Work to be completed —
The answer is the data repeated in full, with no pictures included.

Data shown —
- - - - -

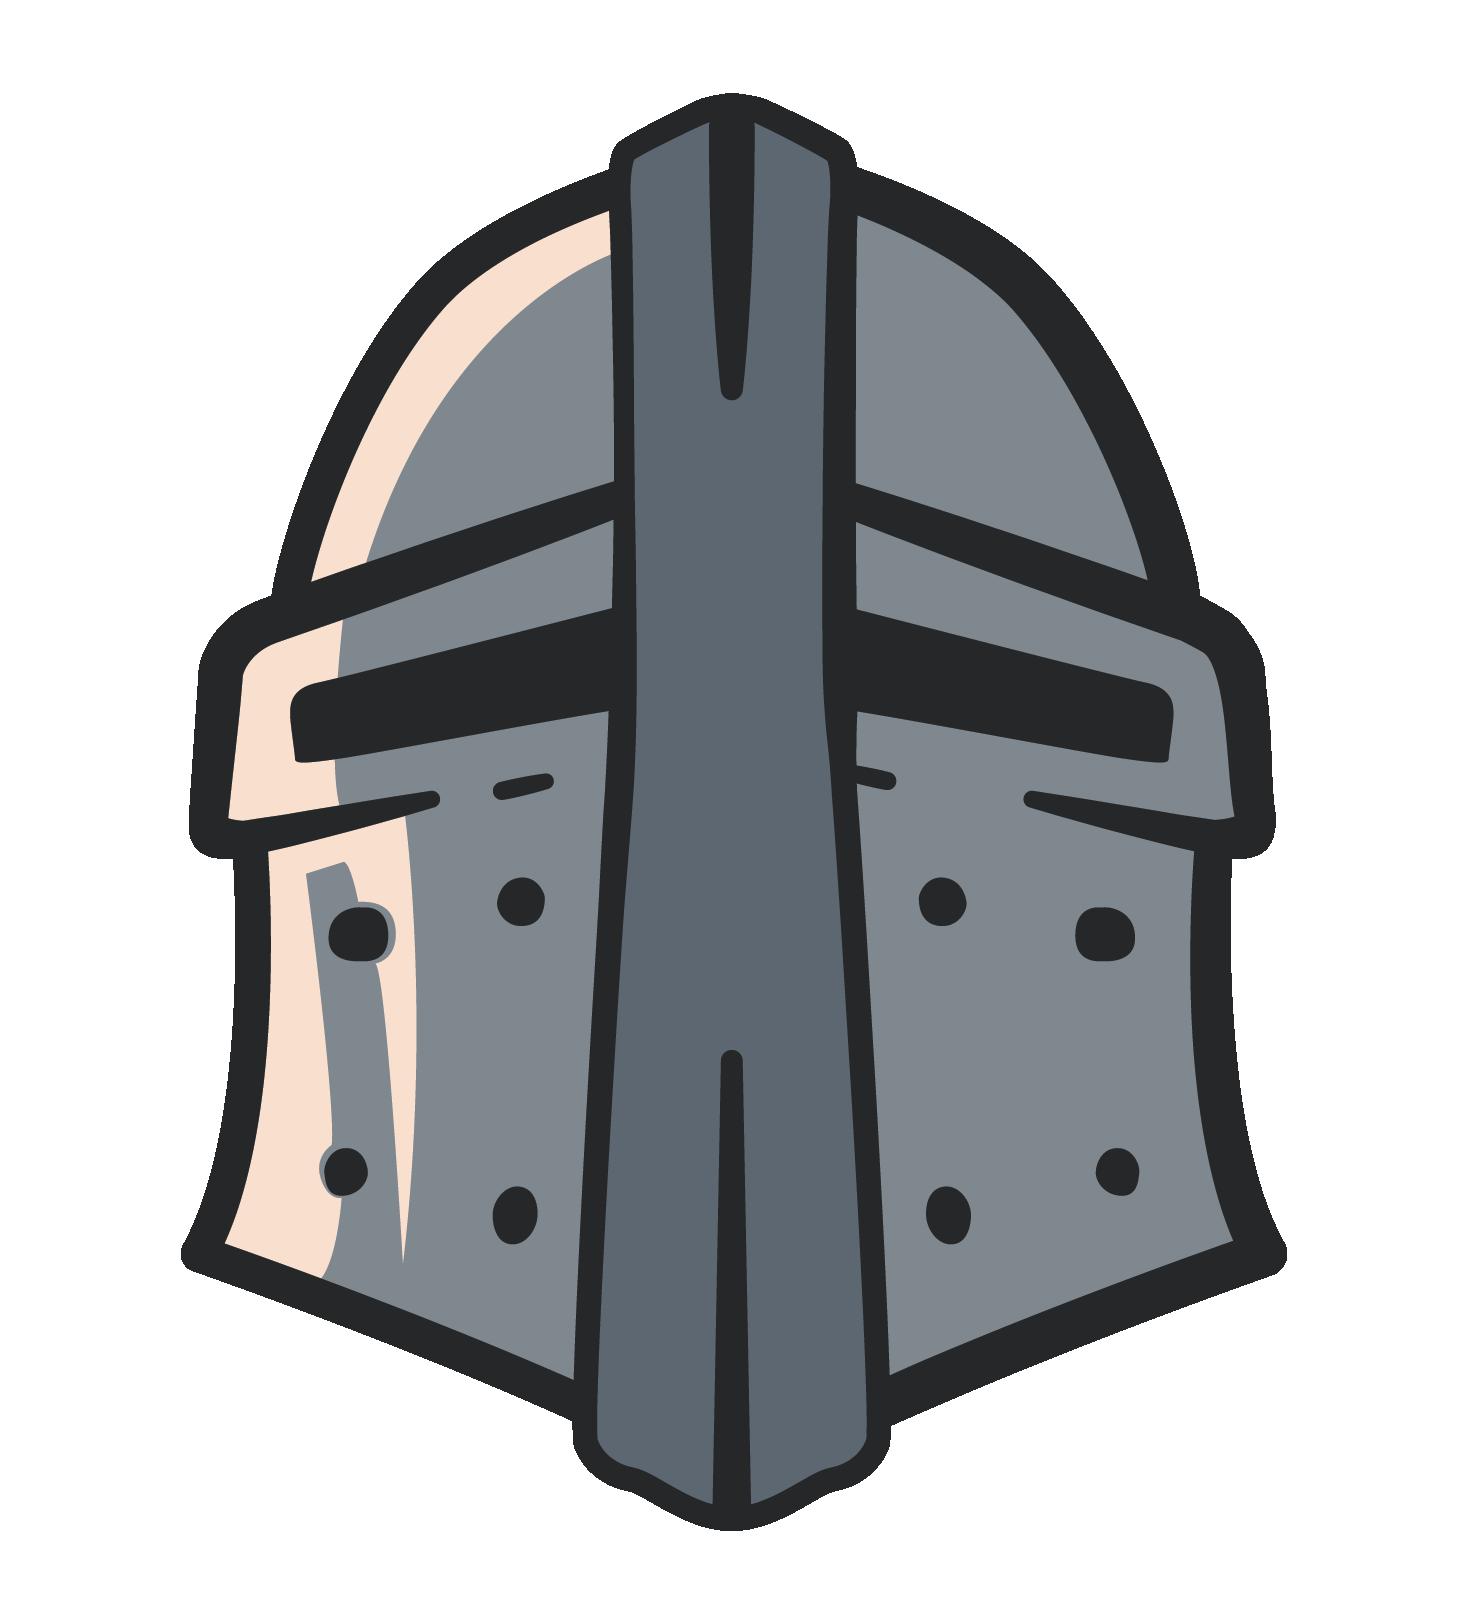 Knight helmet png. Kortnee kate photography
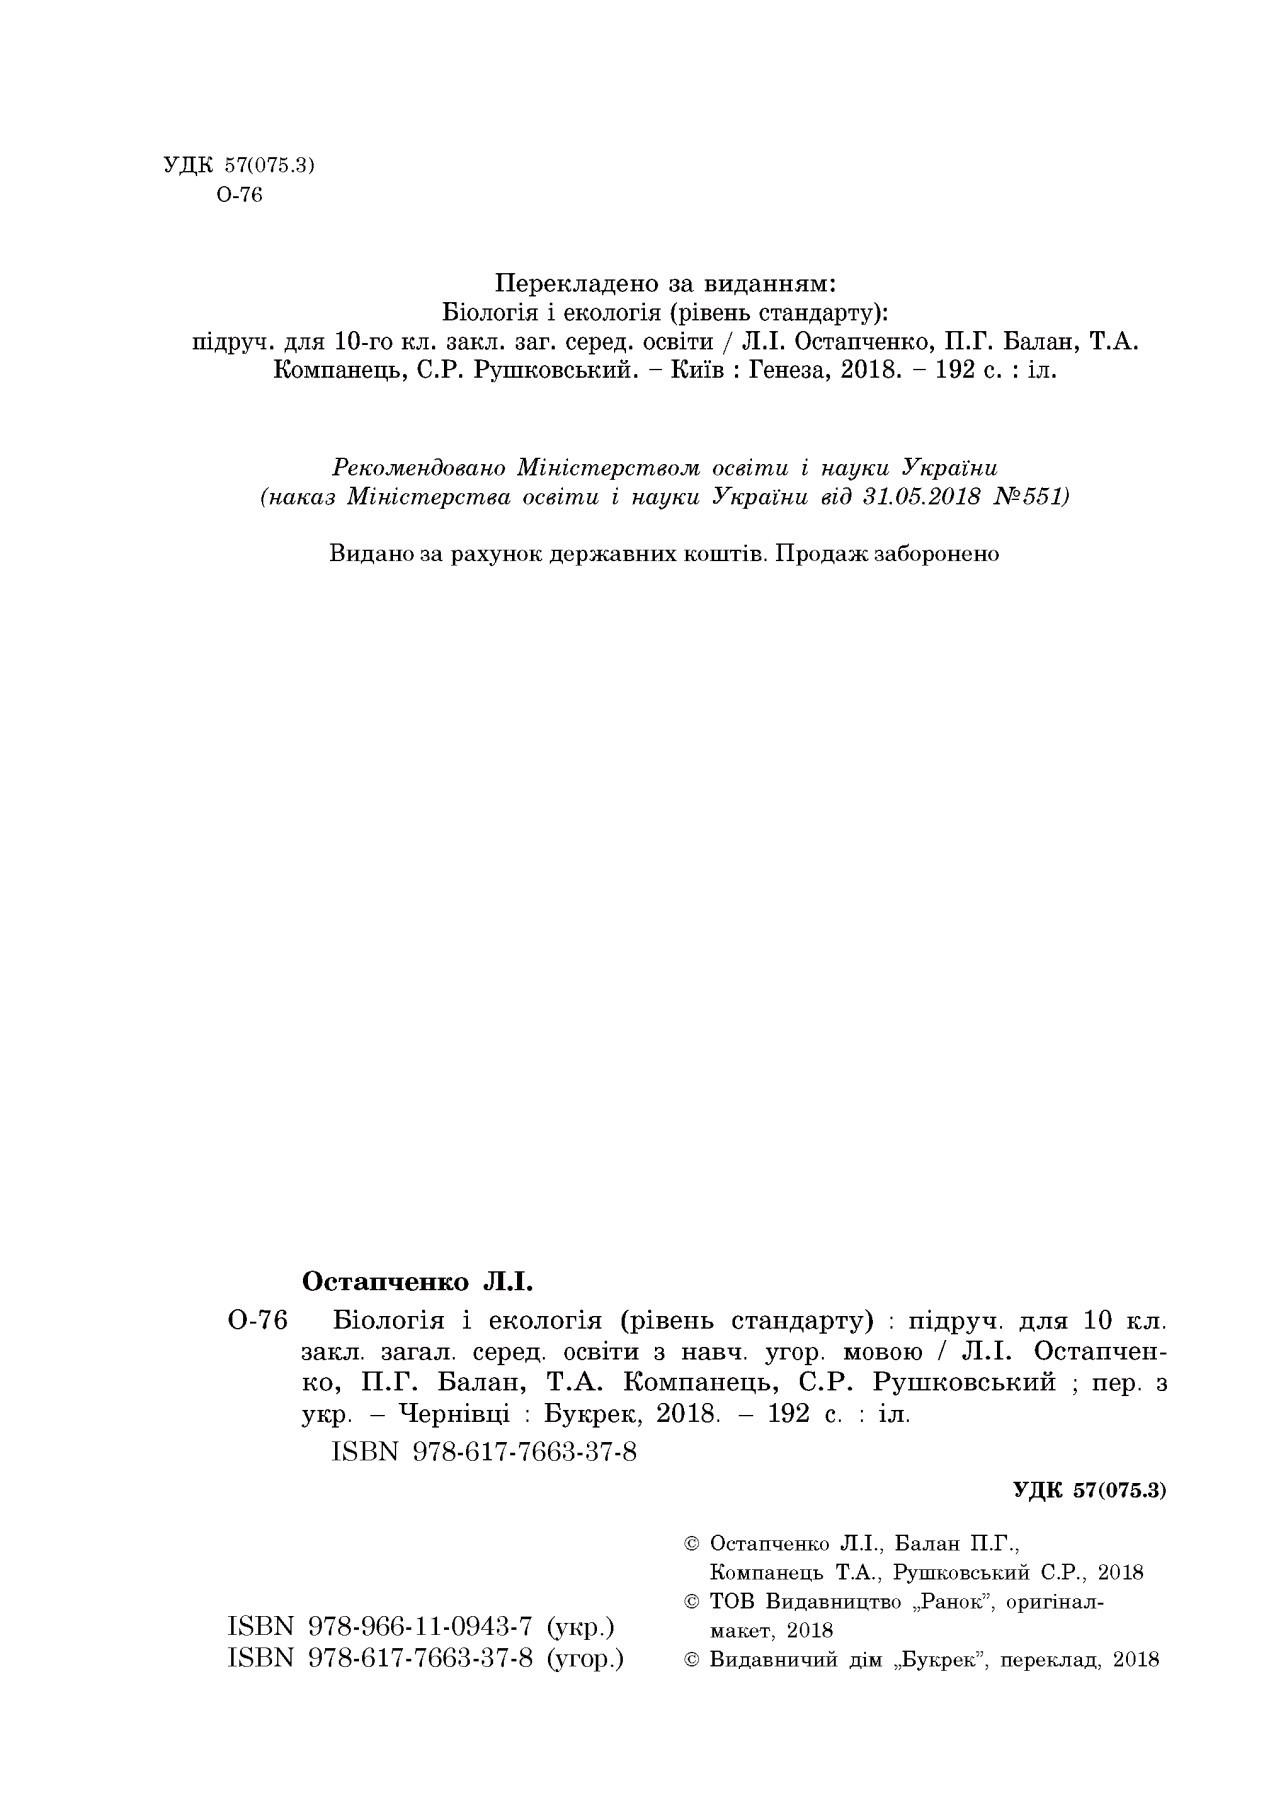 a betegség diphyllobothriasis jellege
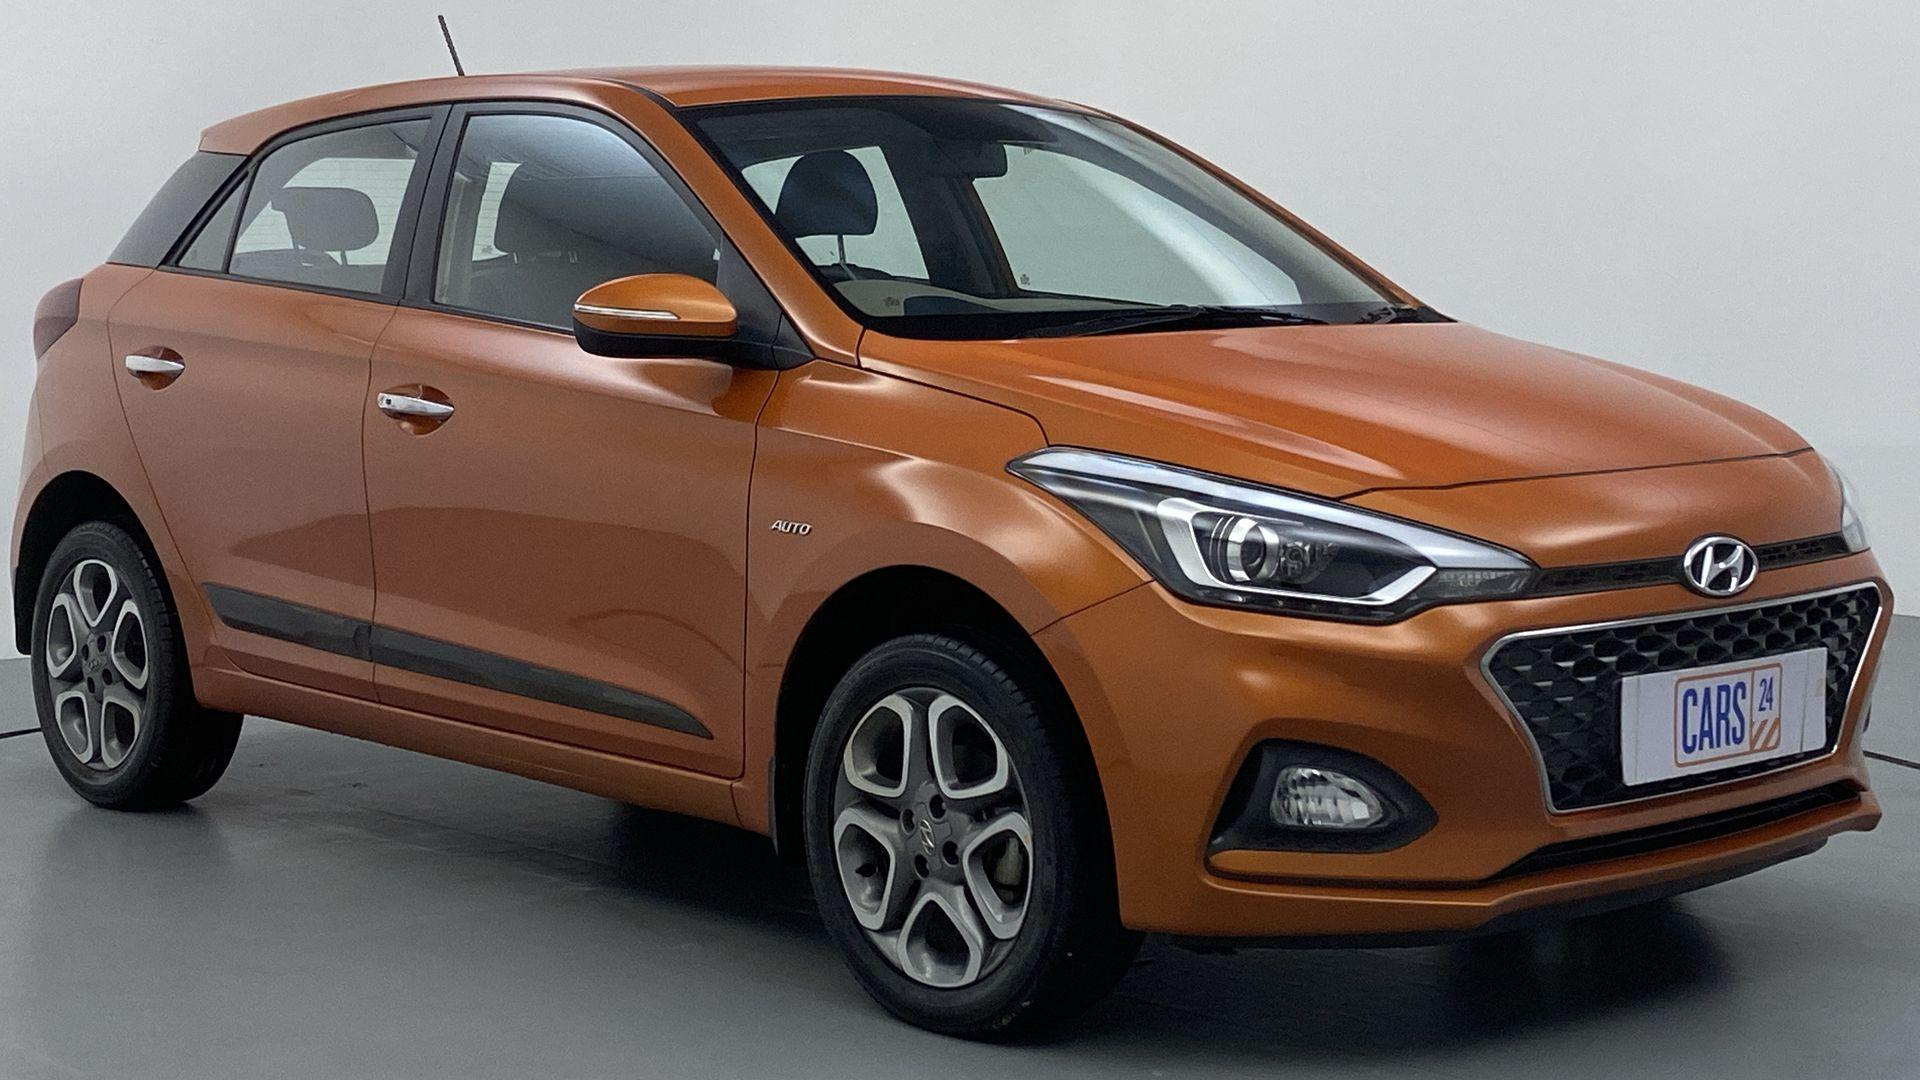 2019 Hyundai Elite i20 1.2  ASTA (O) CVT

- - - - -

Task response —
 Knight helmet png. Kortnee kate photography
 a betegség diphyllobothriasis jellege
 2019 Hyundai Elite i20 1.2  ASTA (O) CVT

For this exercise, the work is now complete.